Recently in Mohd Salim vs. State reported as 175


(2010) DLT 473, our Hon'ble High Court has held as under:
“The use of the expression 'may' in sub-
section (3) of section 156 of the Code leaves
no doubt that the power conferred upon the
Magistrate is discretionary and he is not
bound to direct investigation by the police
even if the allegations made in the complaint
disclose commission of an cognizable offence.
In the facts and circumstances of a given
case, the Magistrate may feel that the matter
does not require investigation by the police
and can be proved by the complainant
himself, without any assistance from the
police. In that case, he may, instead of
directing investigation by the police,
straightway take cognizance of the alleged
offence and proceed under section 200 of the
Code by examining the complainant and his
witnesses, if any. Infact, the Magistrate ought
to direct investigation by the police only
where the assistance of the investigating
agency is necessary and the Court feels that
the cause of justice is likely to suffer in the
absence of investigation by the police. The
Magistrate is not expected to mechanically
direct investigation by the police without first
examining whether in the facts and
circumstances of the case, investigation by
the State machinery is actually required or
not. If the allegations made in the complaint
are simple, where the Court can straightway
proceed to conduct the trial, the Magistrate is
expected to record evidence and proceed
further in the matter, instead of passing the
buck to the police under section 156(3) of the
Code. Of course, if the allegations made in
the complaint require complex and
complicated investigation of which cannot be
undertaken without active assistance and
expertise of the State machinery, it would
only be appropriate for the Magistrate to
direct investigation by the police. The
Magistrate is therefore, not supposed to act
merely as a post office and needs to adopt a
judicial approach while considering an
application seeking investigation by the
police”.
In the present case also the complainant as well as
accused persons are very well known to each other. The name,
parentage as well as address of accused persons have been
mentioned by the complainant in the present case. The
complainant is well aware of all the facts and circumstances and
he is in possession of all the material/ evidence required by him to
prove his case. Custodial interrogation of the accused persons or
other scientific investigation is not required in this case.

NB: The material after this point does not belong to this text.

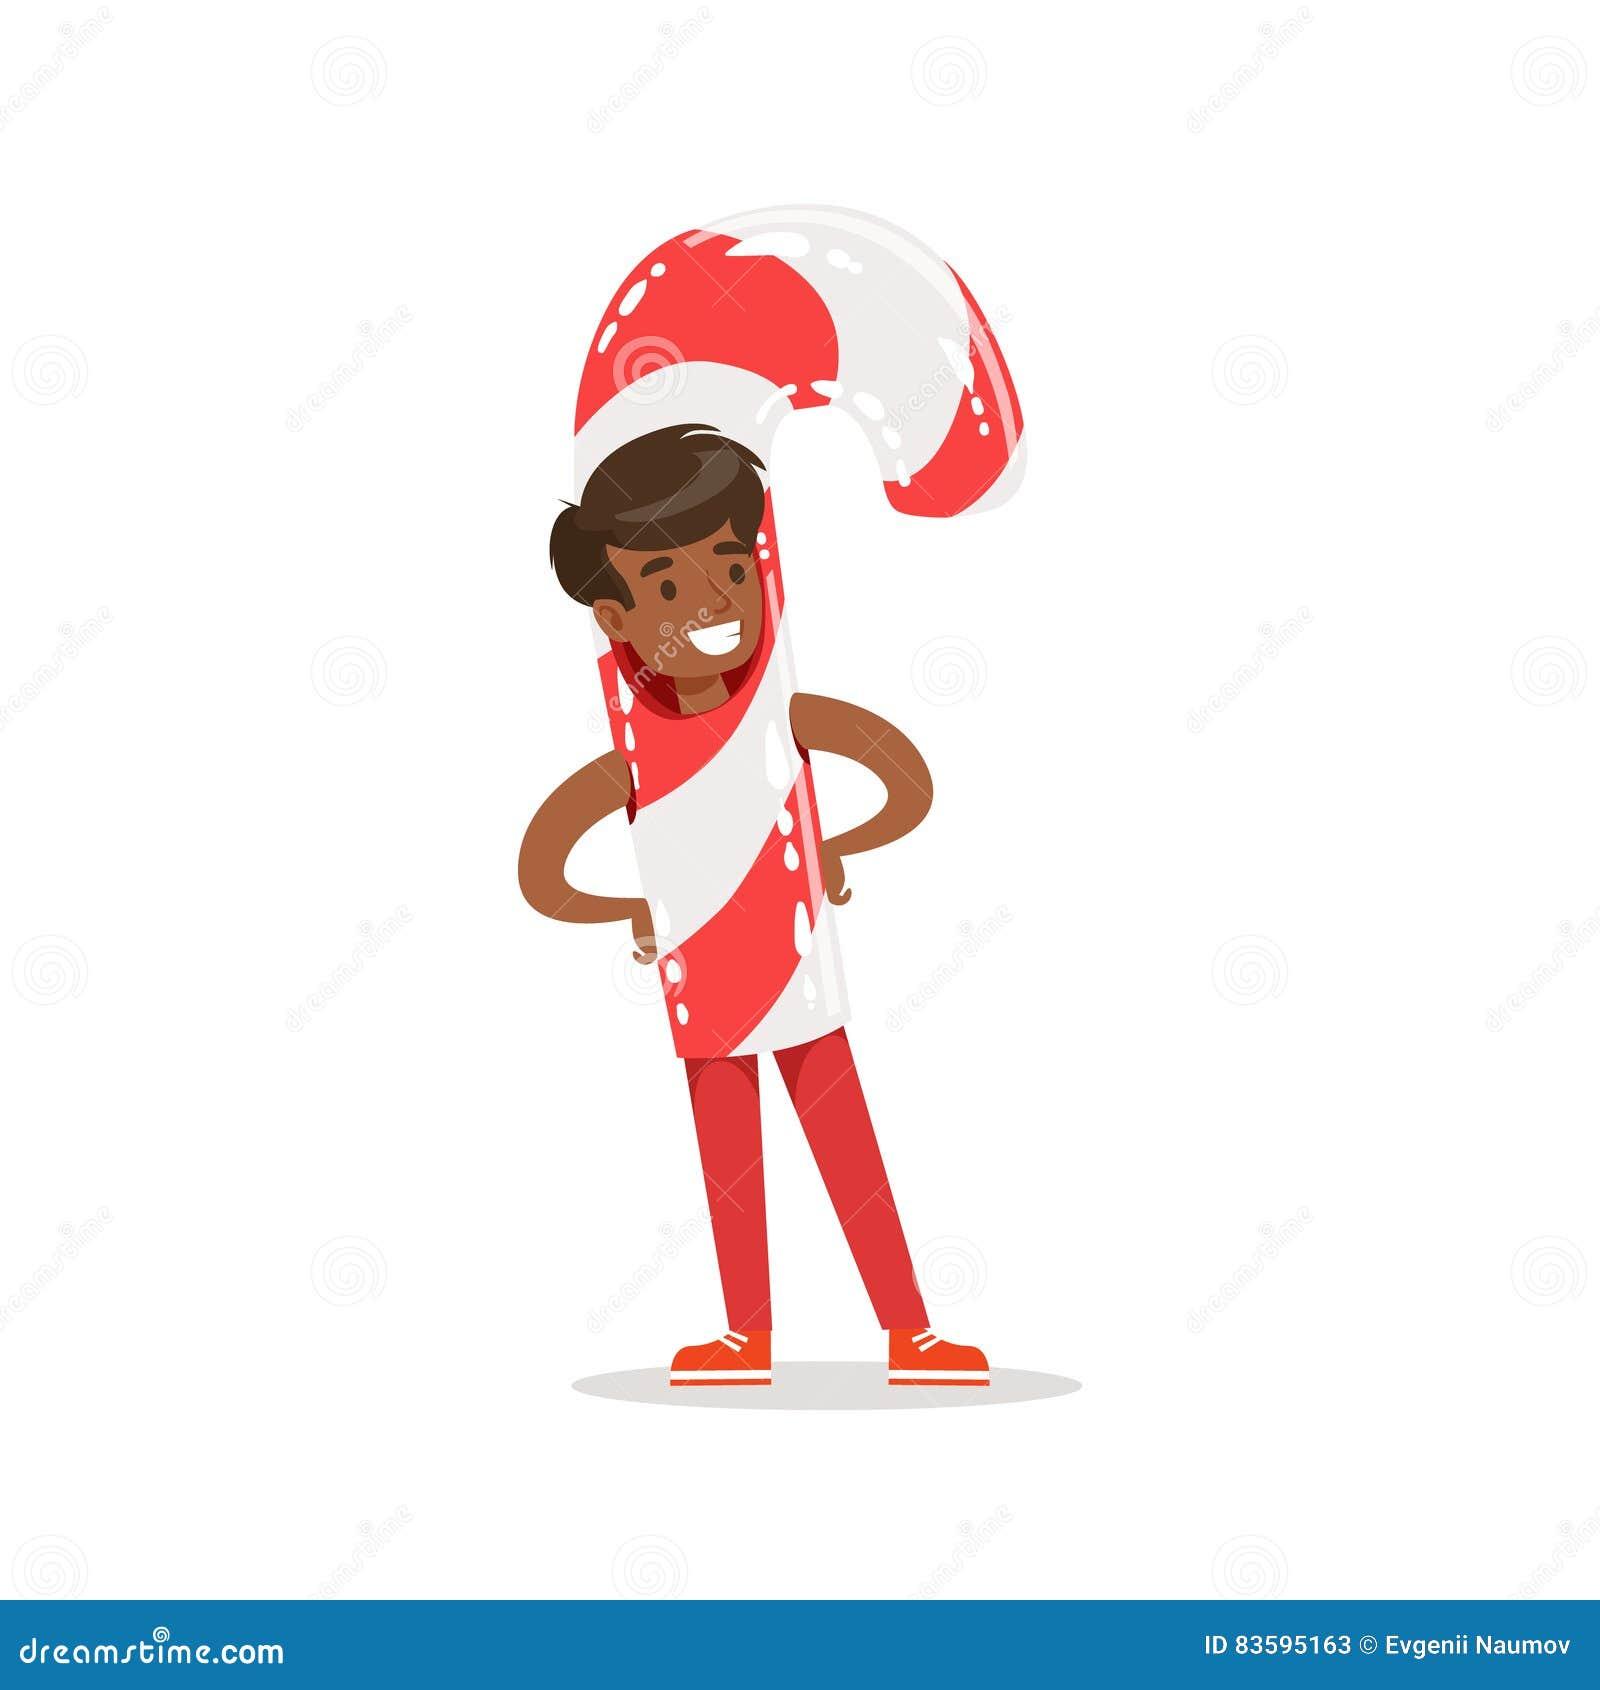 Junge Im Süßigkeits-Cane Stick Outfit Dressed As-Winterurlaub-Symbol ...
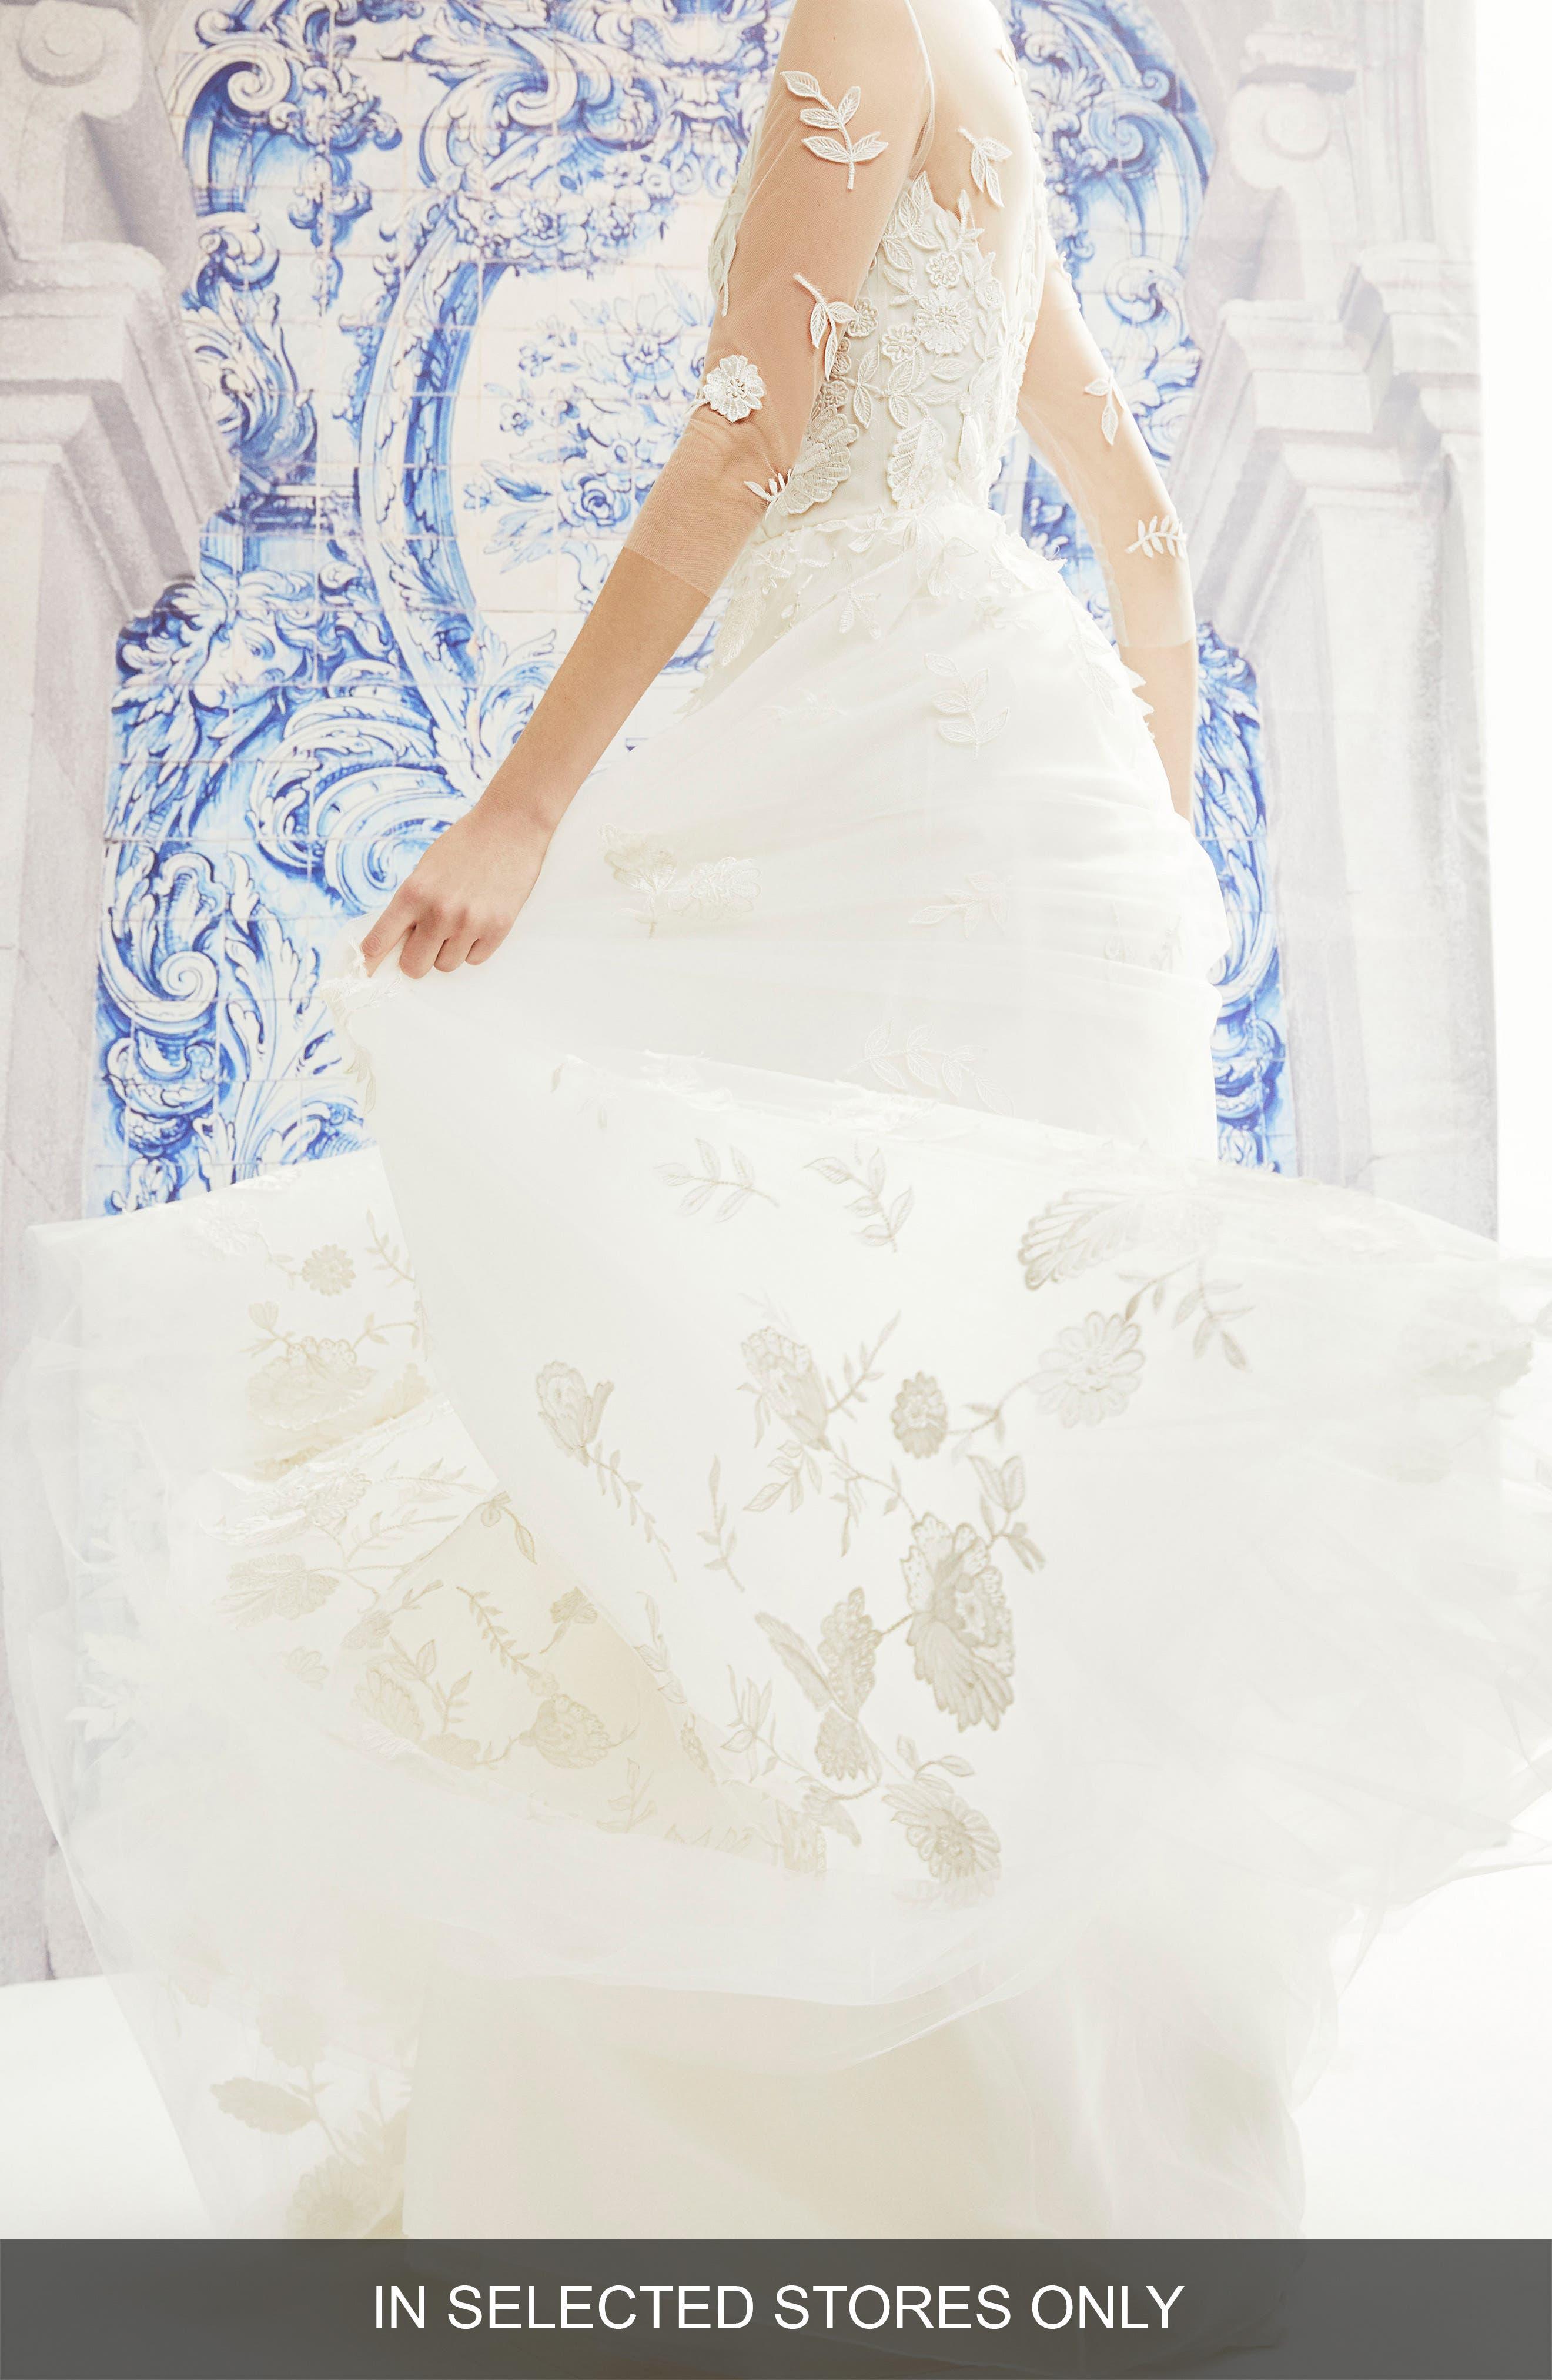 CAROLINA HERRERA India Floral Embroidered Tulle Wedding Dress, Main, color, IVORY

Hence, I am of the considered view that no directions


u/s. 156(3) cr.p.c. are called for in this case. Moreover,
subsequently, after evidence of complainant, if it is deemed
necessary, then police inquiry as envisaged U/s. 202 of CrPC can
be initiated.

Accordingly, the present application u/s 156 (3) of CrPC


is dismissed. However, while taking cognizance of the offence as
alleged the complainant is directed to bring his evidence.